# Scorpion eat centipede?



## StoneTalon56 (Apr 11, 2009)

I'm wondering if I have jeopardized the life of my asian forest scorpion by throwing in a house centipede. I returned to my room and found many legs littering the tank and the scorp in the act of devouring the thing. At first I was pleased but a friend of mine has informed me that centipedes have venom. I pulled the remains out of his claws but he had already eaten half of it.

I am an arachnid newb at this point but I am hoping I am not also a complete and utter moron who has just endangered my beloved Beelzebob.

I'm not sure if this helps but the centipede looked like this:


----------



## Quixtar (Apr 11, 2009)

StoneTalon56 said:


> I'm wondering if I have jeopardized the life of my asian forest scorpion by throwing in a house centipede.
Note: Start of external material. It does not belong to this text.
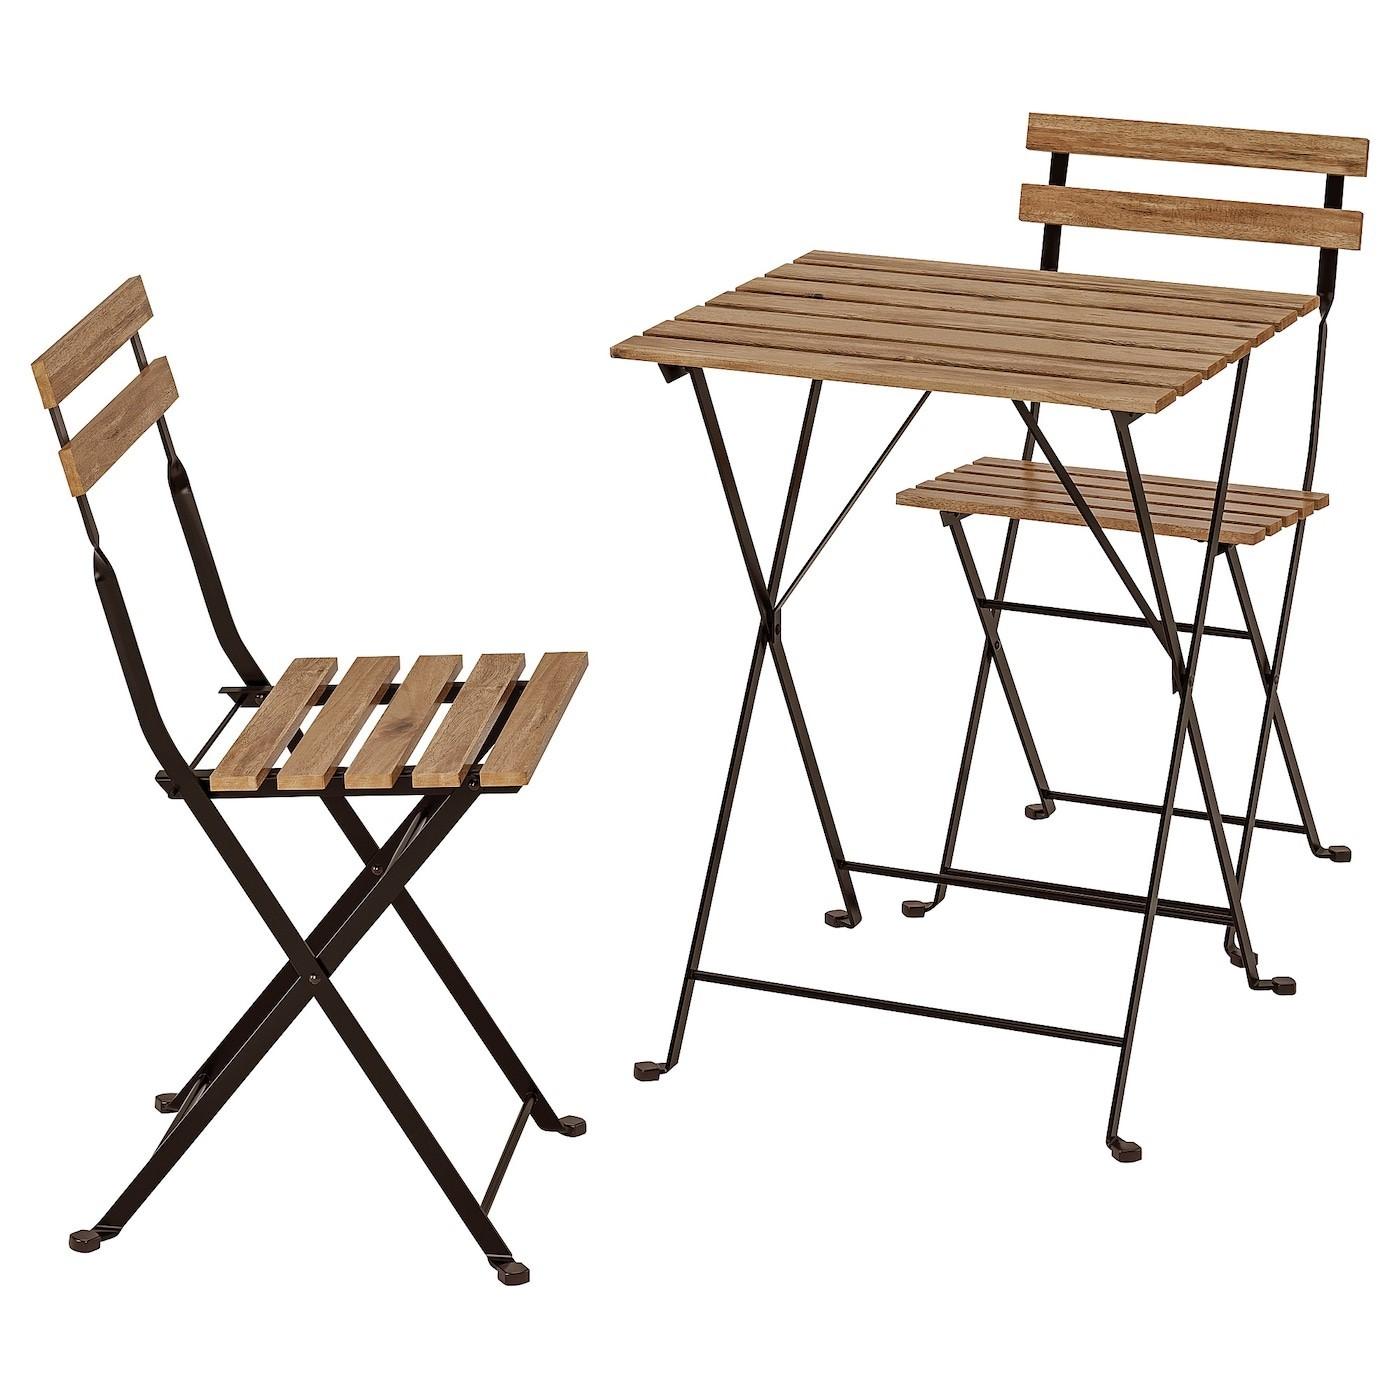 IKEA ТЭРНО Стол+2стула,д/сада, черный акация, сталь серо-коричневая морилка 698.984.15
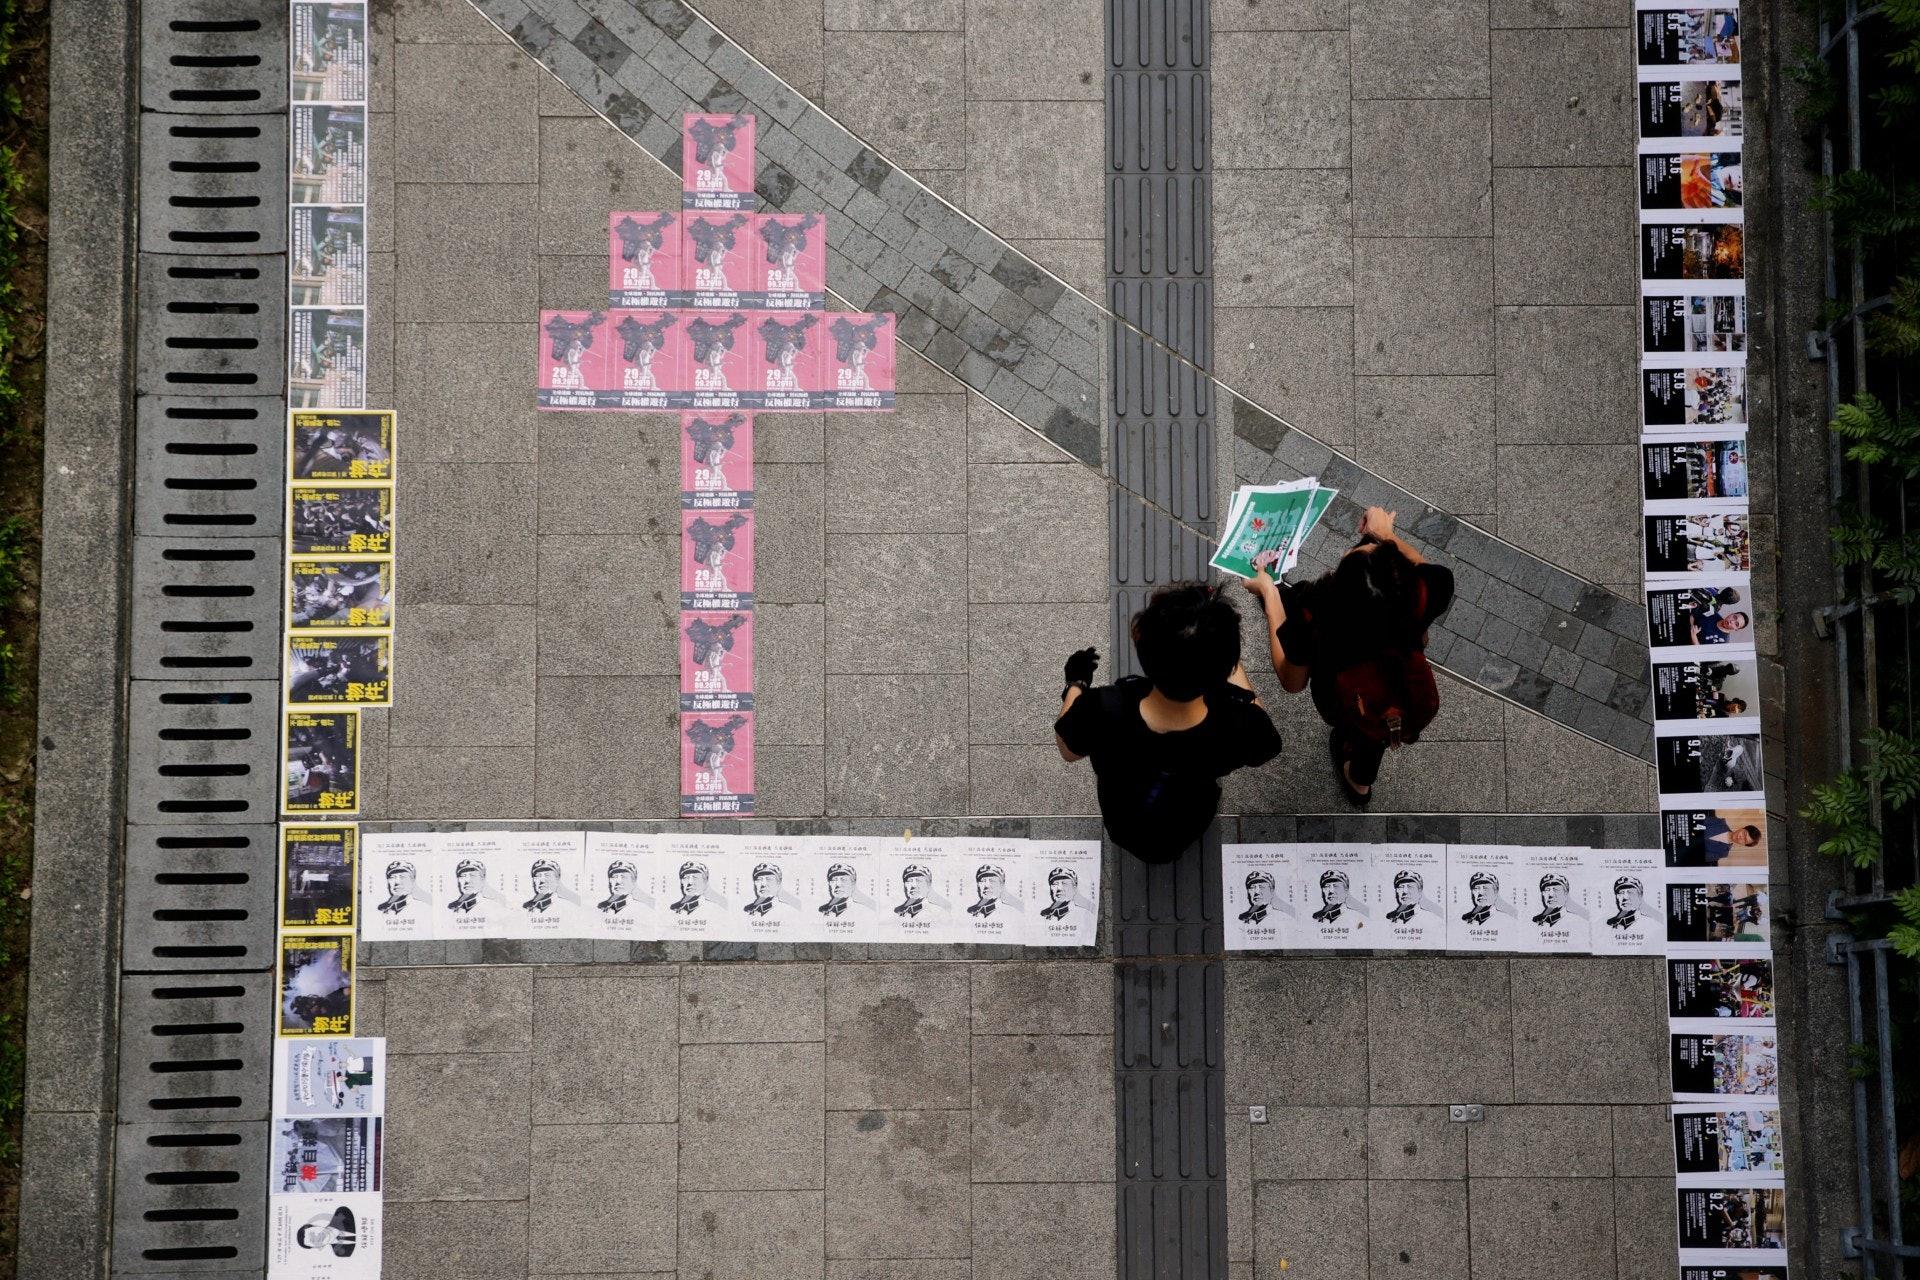 下午4時過後,聚集的人士更多,並在金鐘一帶貼滿宣傳品。(梁鵬威攝)

I returned to my room and found many legs littering the tank and the scorp in the act of devouring the thing. At first I was pleased but a friend of mine has informed me that centipedes have venom. I pulled the remains out of his claws but he had already eaten half of it.
> 
> I am an arachnid newb at this point but I am hoping I am not also a complete and utter moron who has just endangered my beloved Beelzebob.
> 
> I'm not sure if this helps but the centipede looked like this:


Your scorpion is just fine. Scorpions do eat centipedes and vice versa in the wild. Your scutigerid is harmless compared to the scolopendrids that most frequently occur in their natural habitat. It is unlikely to do any damage to your heavily armored Heterometrus sp. The venom of a pede is of no concern when it is being eaten as it only works through direct injection via a bite. It is only when it is poisonous that there may be side effects, and there are no poisonous centipedes anyway - only millipedes.


----------



## StoneTalon56 (Apr 11, 2009)

sweet....thank you so much man cuz i was pretty worried there....i mean for the last hour he's sat there rubbing his claw between his "teeth" and i've never seen him do that so yeah.

woot!


----------



## dairy (Apr 11, 2009)

The critter you fed to your scorp might not have any poisons/toxins that may be harmful if ingested as a self defense mechanism, but it could easily be carrying different chemicals, parasites etc. that it's picked up along its way. Anything chemical that you've used in your house could be on something you find crawling on your floor. I don't know about you but I don't want to feed my scorps Febreeze, Raid, kitchen and bathroom cleaners etc. And parasites? Yuck! Exploders eating your scorp from the inside out...'Nuff said.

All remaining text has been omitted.